Background and Aims::In the treatment of chronic hepatitis B (CHB) infection, stimulation of innate immunity may lead to hepatitis B virus (HBV) cure. Alpha‐kinase 1 (ALPK1) is a pattern recognition receptor (PRR) that activates the NF‐κB pathway and stimulates innate immunity. Here we characterized the preclinical anti‐HBV efficacy of DF‐006, an orally active agonist of ALPK1 currently in clinical development for CHB.
Approach and Results::In adeno‐associated virus (AAV)‐HBV mouse models and primary human hepatocytes (PHHs) infected with HBV, we evaluated the antiviral efficacy of DF‐006. In the mouse models, DF‐006 rapidly reduced serum HBV DNA, hepatitis B surface antigen, and hepatitis B e antigen levels using doses as low as 0.08 μg/kg, 1 μg/kg, and 5 μg/kg, respectively. DF‐006 in combination with the HBV nucleoside reverse transcriptase inhibitor, entecavir, further reduced HBV DNA. Antiviral efficacy in mice was associated with an increase in immune cell infiltration and decrease of hepatitis B core antigen, encapsidated pregenomic RNA, and covalently closed circular DNA in liver.

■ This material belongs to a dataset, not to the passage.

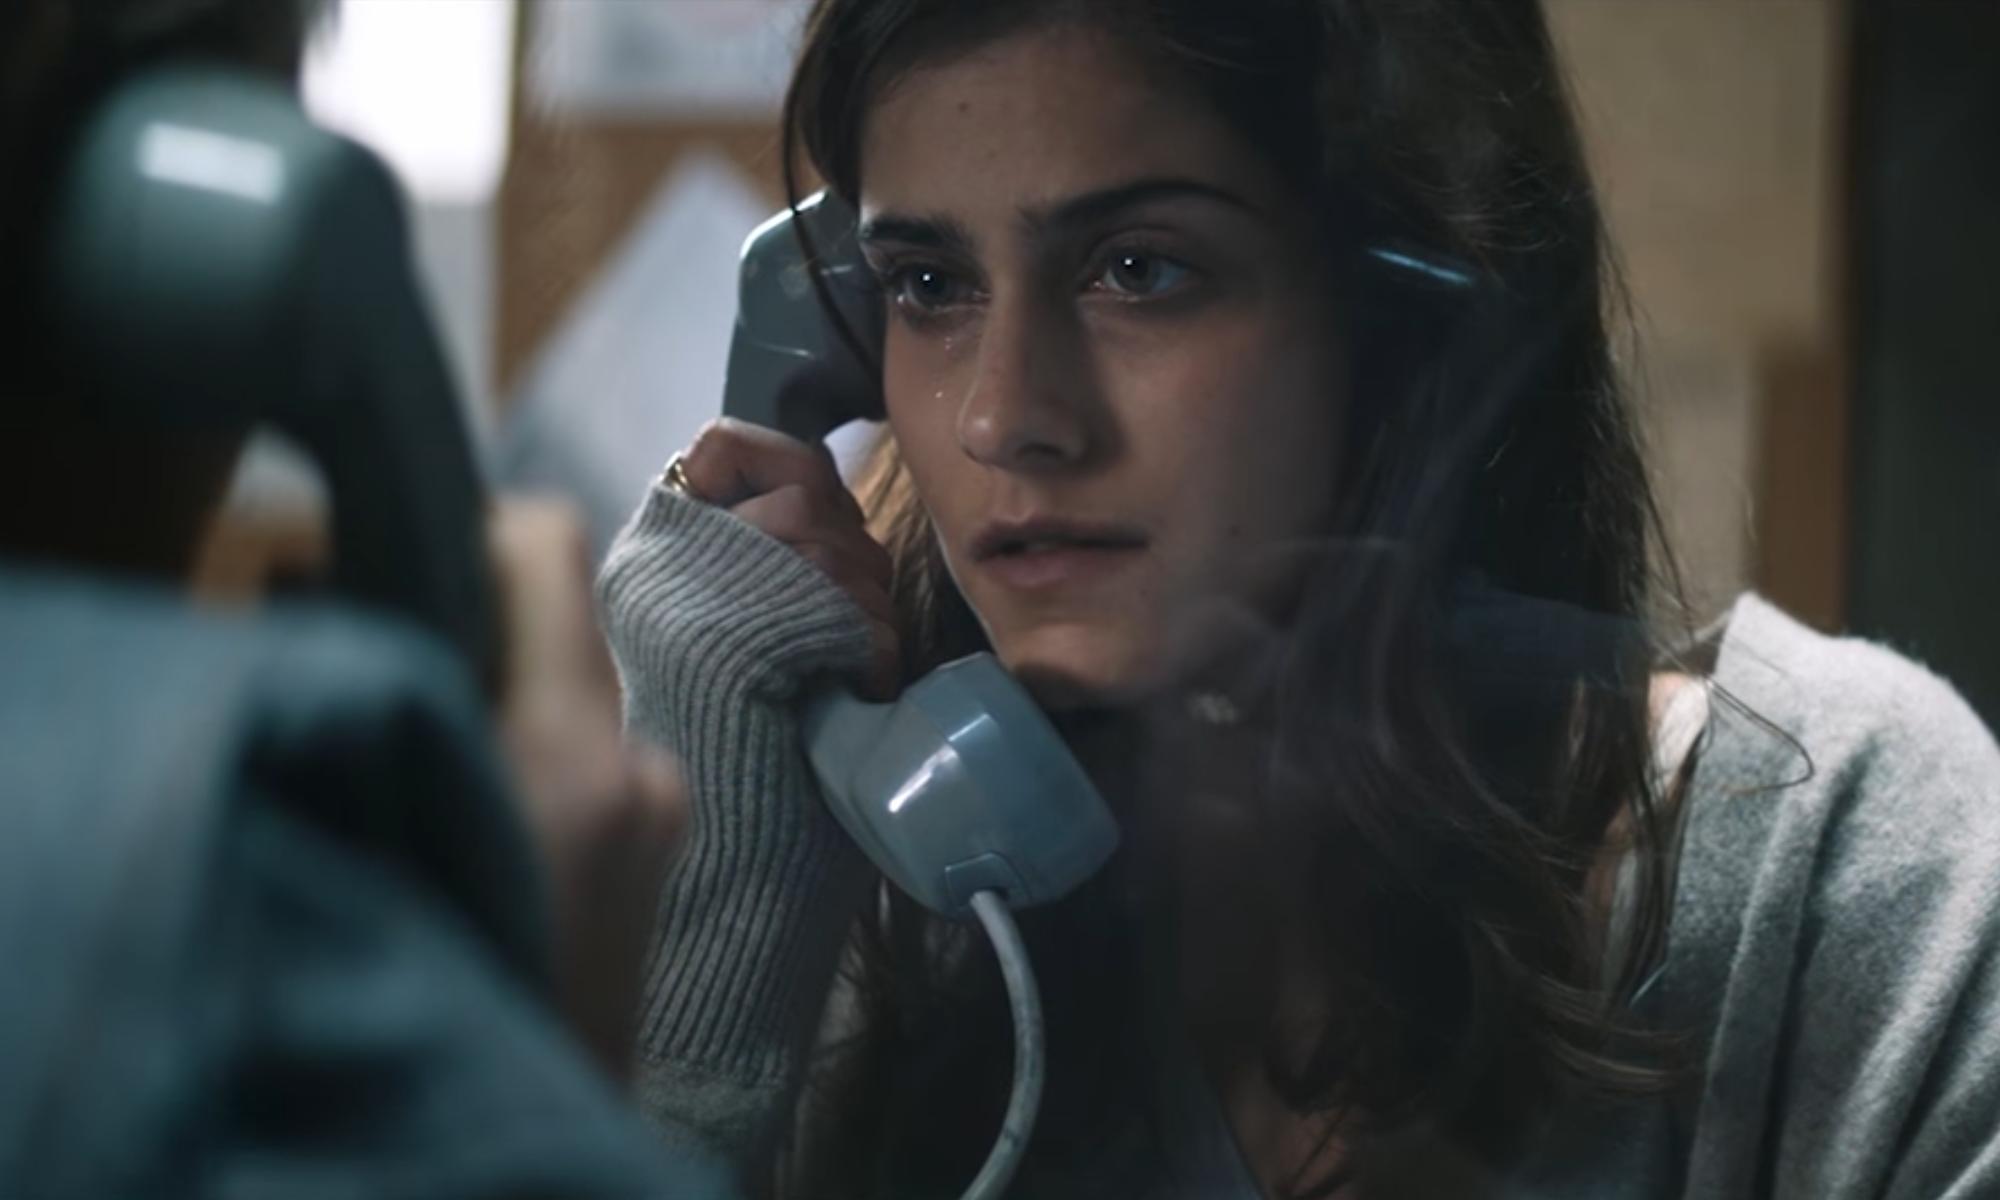 L'Appel, campagne vidéo FNSF 3919 (2016)

At subnanomolar concentrations, DF‐006 also showed anti‐HBV efficacy in PHH with significant reductions of HBV DNA. Following dosing with DF‐006, there was upregulation of NF‐κB‐targeted genes that are involved in innate immunity.

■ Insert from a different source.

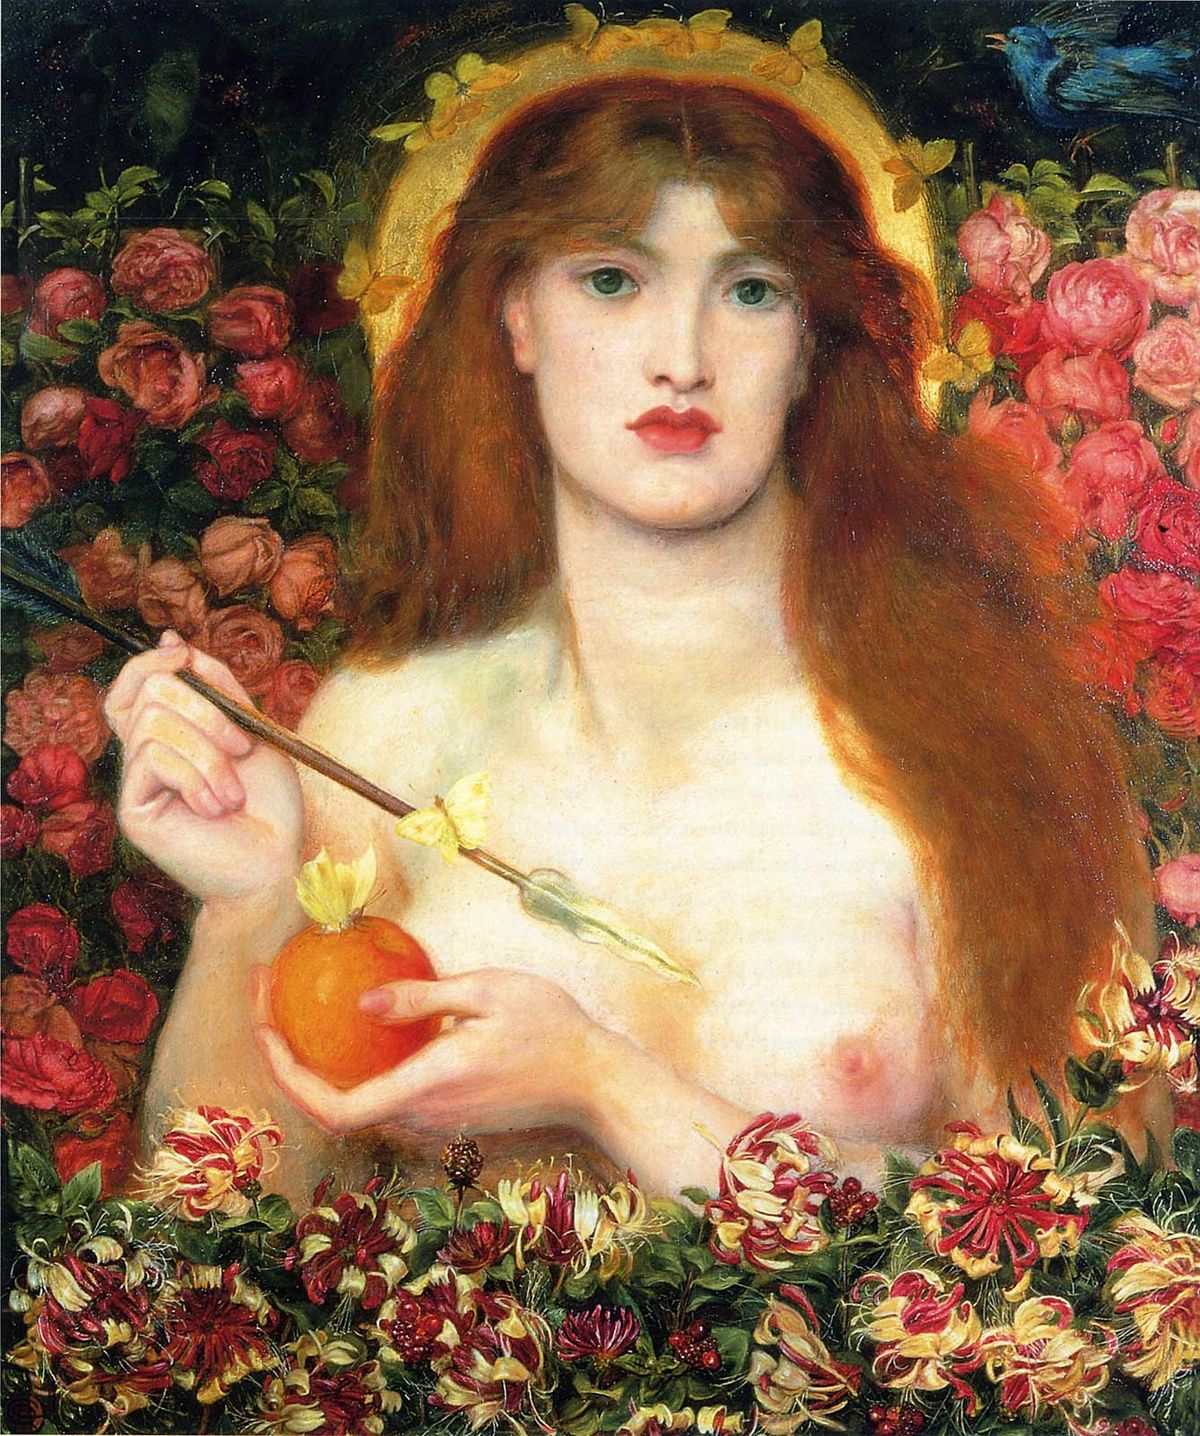 Venus_Verticordia_-_Dante_Rossetti_-_1866

Conclusion::DF‐006 was efficacious in mouse and PHH models of HBV without any indications of overt toxicity. In mice, DF‐006 localized primarily to the liver where it potently activated innate immunity. The transcriptional response in mouse liver provides insights into mechanisms that mediate anti‐HBV efficacy by DF‐006.